In [2]:
import csv
import glob
import re
from sklearn.feature_extraction.text import CountVectorizer
from sklearn.feature_extraction.text import TfidfTransformer
from sklearn.naive_bayes import MultinomialNB
from sklearn.pipeline import Pipeline

# Polyglot
This project was designed to deepen our understanding of feature extraction, classification, and building a robust classifier. Specifically, the classifier that this project uses can take snippets of code and guesses the programming language of the code.

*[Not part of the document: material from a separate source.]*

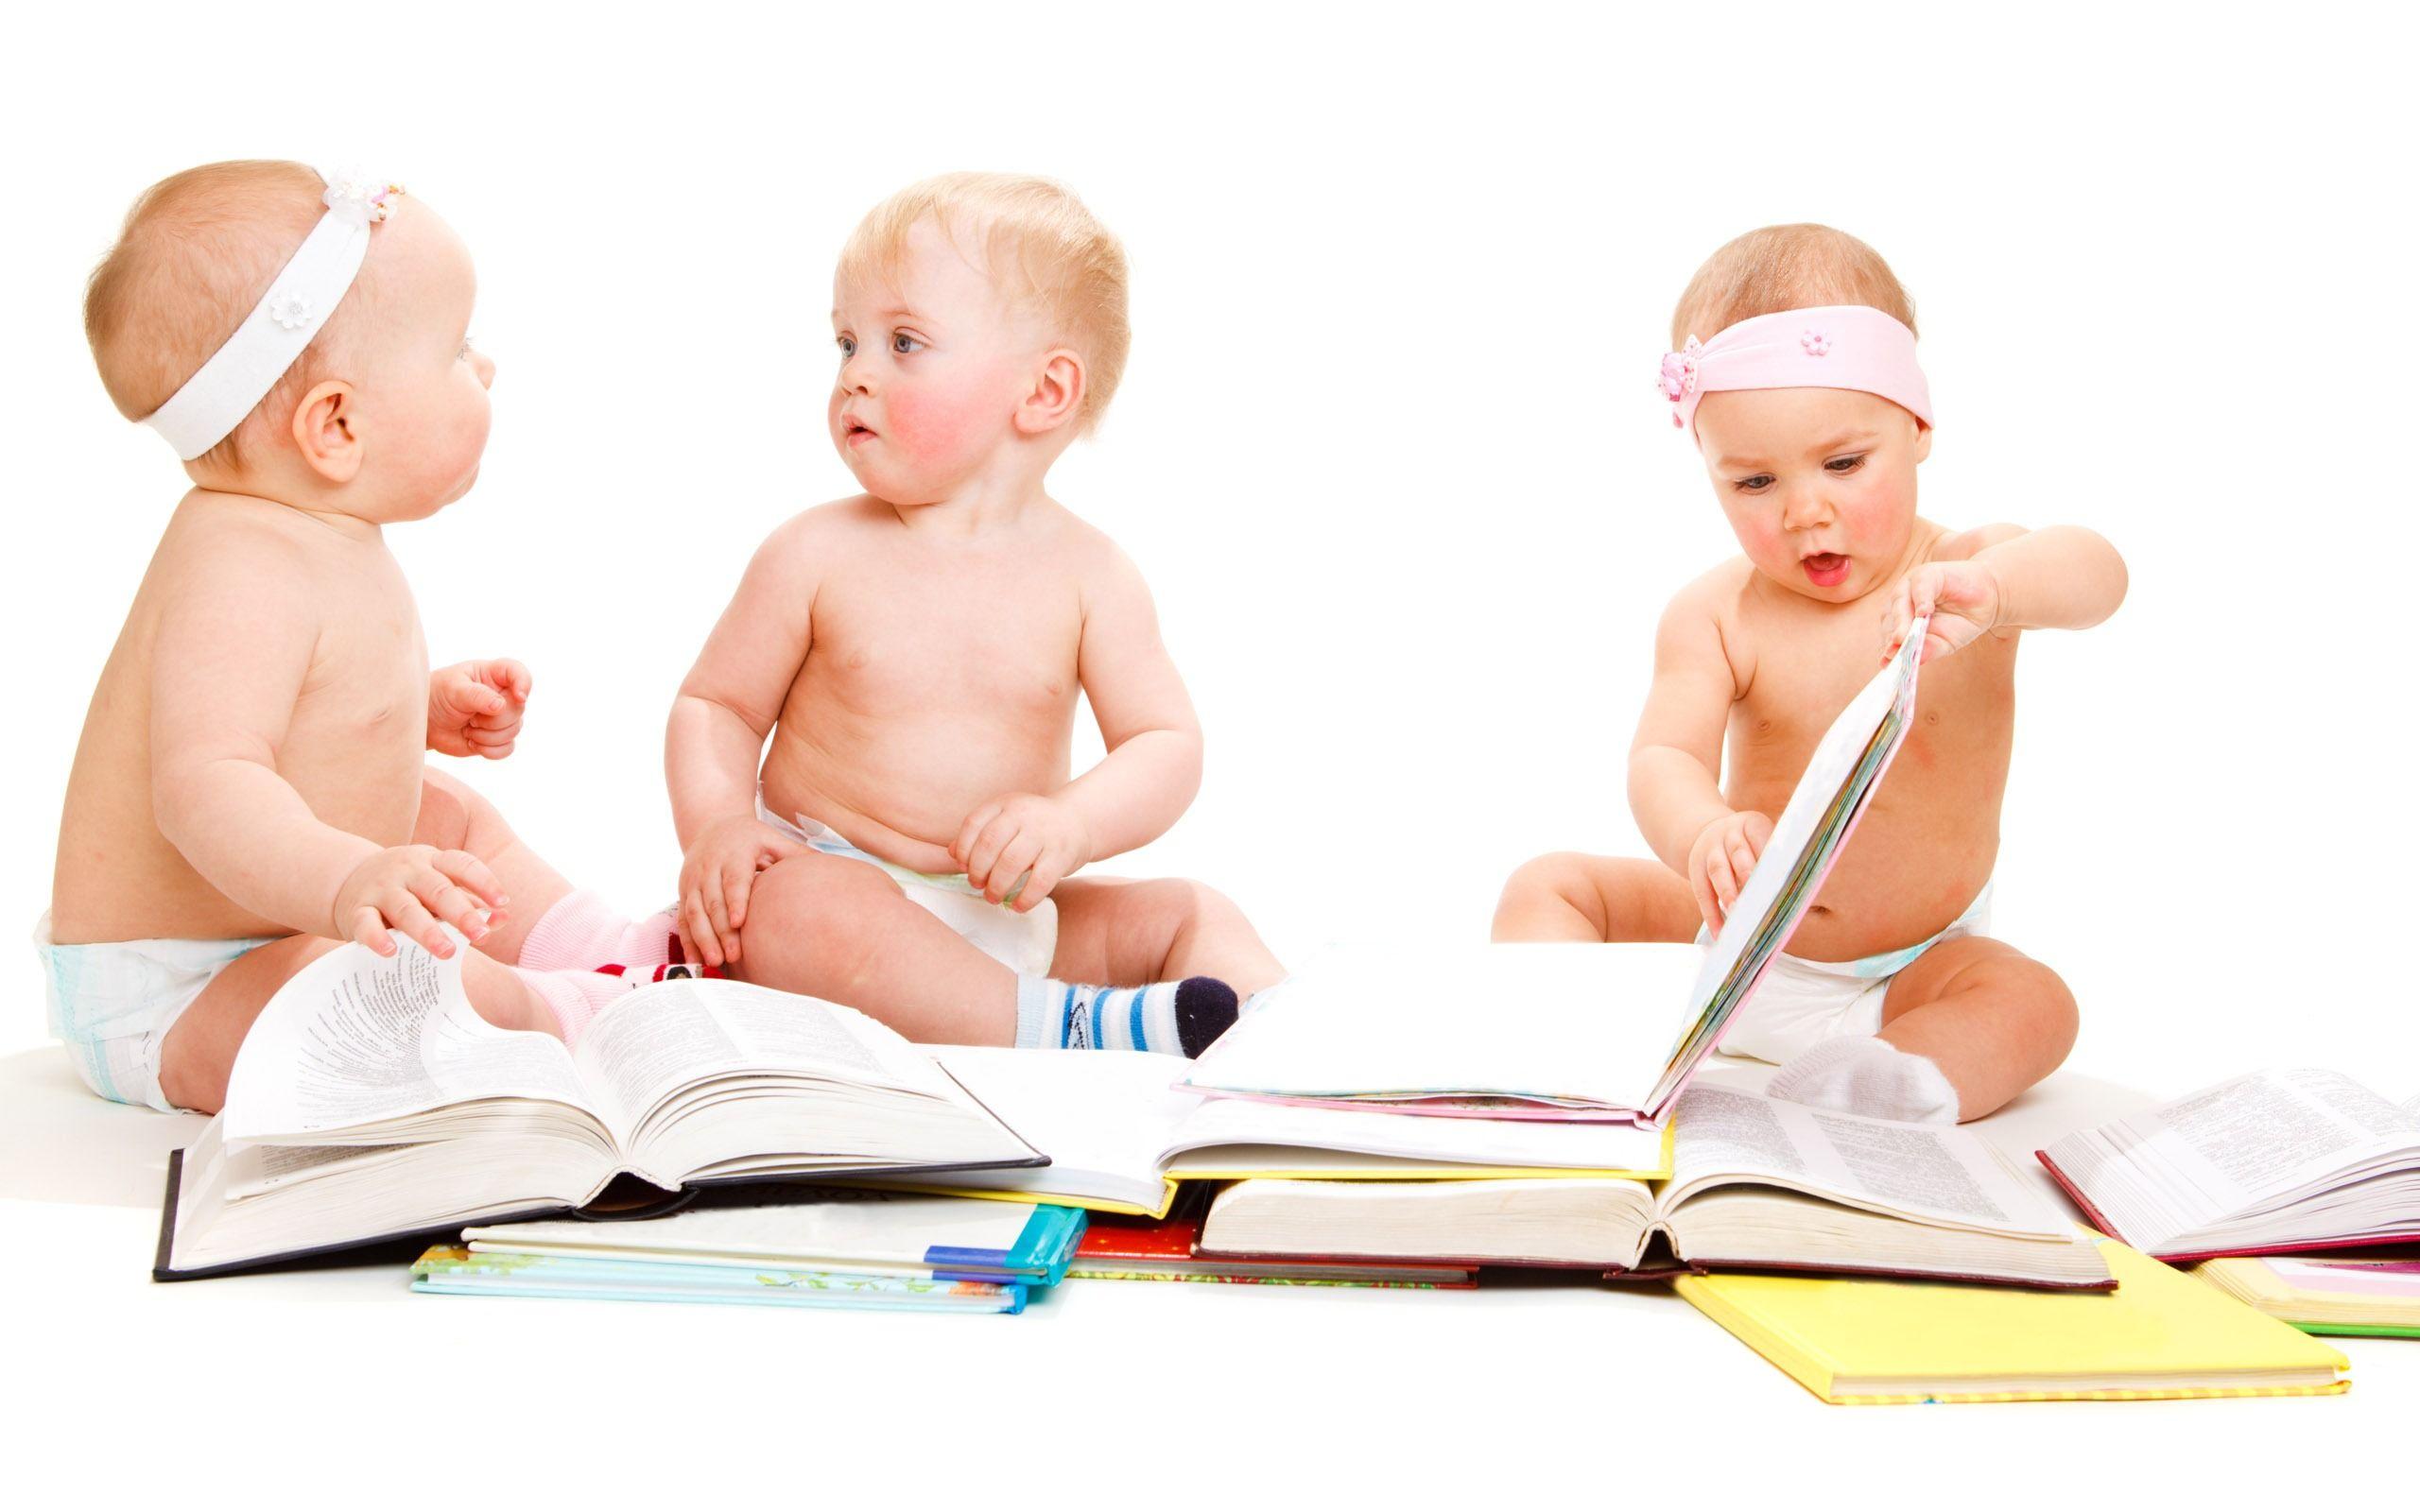 Cute babies and books widescreen wallpaper wide wallpapers net

##### Files are read in and set as the training data.

In [3]:
file_extensions = {'gcc': 'c', 'c': 'c', 'csharp': 'c#', 'sbcl': 'common lisp',
                   'clojure': 'clojure', 'hs': 'haskell', 'java': 'java',
                   'javascript': 'javascript', 'ocaml': 'ocaml', 'perl':
                   'perl', 'hack': 'php', 'php': 'php', 'python3': 'python',
                   'jruby': 'ruby', 'yarv': 'ruby', 'scala': 'scala',
                   'racket': 'scheme', 'tcl': 'tcl'}

In [4]:
def read_program_files(file_locations):
    files = glob.glob(file_locations, recursive=True)
    texts = []
    for file in files:
        with open(file, encoding='latin_1') as f:
            texts.append(f.read())
    return texts

In [5]:
X_train = []
y_train = []
for key, value in file_extensions.items():
    X = read_program_files('benchmarksgame/bench/**/*.{}'.format(key))
    X_train += X
    y_train += (len(X) * [value])


##### A counter was used to ensure there were not too many files of any one language used to train the classifier.  Ruby and JavaScript stand out as  needing fewer and more files, respectively, to improve the testing set.

In [6]:
from collections import Counter
Counter(y_train)

Counter({'c': 59,
         'c#': 41,
         'clojure': 38,
         'common lisp': 34,
         'haskell': 52,
         'java': 51,
         'javascript': 25,
         'ocaml': 35,
         'perl': 34,
         'php': 55,
         'python': 36,
         'ruby': 73,
         'scala': 43,
         'scheme': 29,
         'tcl': 52})

##### Pipeline created to fit and transform the data through the CountVectorizer estimator before transforming the data with the MulitnomialNB estimator.

In [7]:
pip = Pipeline([
        ('vect', CountVectorizer(analyzer='word', token_pattern=r'\w{2,}|\s{2,}|[^\w\d\s]')),
        ('clf', MultinomialNB()),
    ])

In [8]:
pip.fit(X_train, y_train)

Pipeline(steps=[('vect', CountVectorizer(analyzer='word', binary=False, decode_error='strict',
        dtype=<class 'numpy.int64'>, encoding='utf-8', input='content',
        lowercase=True, max_df=1.0, max_features=None, min_df=1,
        ngram_range=(1, 1), preprocessor=None, stop_words=None,
        strip_accents=None, token_pattern='\\w{2,}|\\s{2,}|[^\\w\\d\\s]',
        tokenizer=None, vocabulary=None)), ('clf', MultinomialNB(alpha=1.0, class_prior=None, fit_prior=True))])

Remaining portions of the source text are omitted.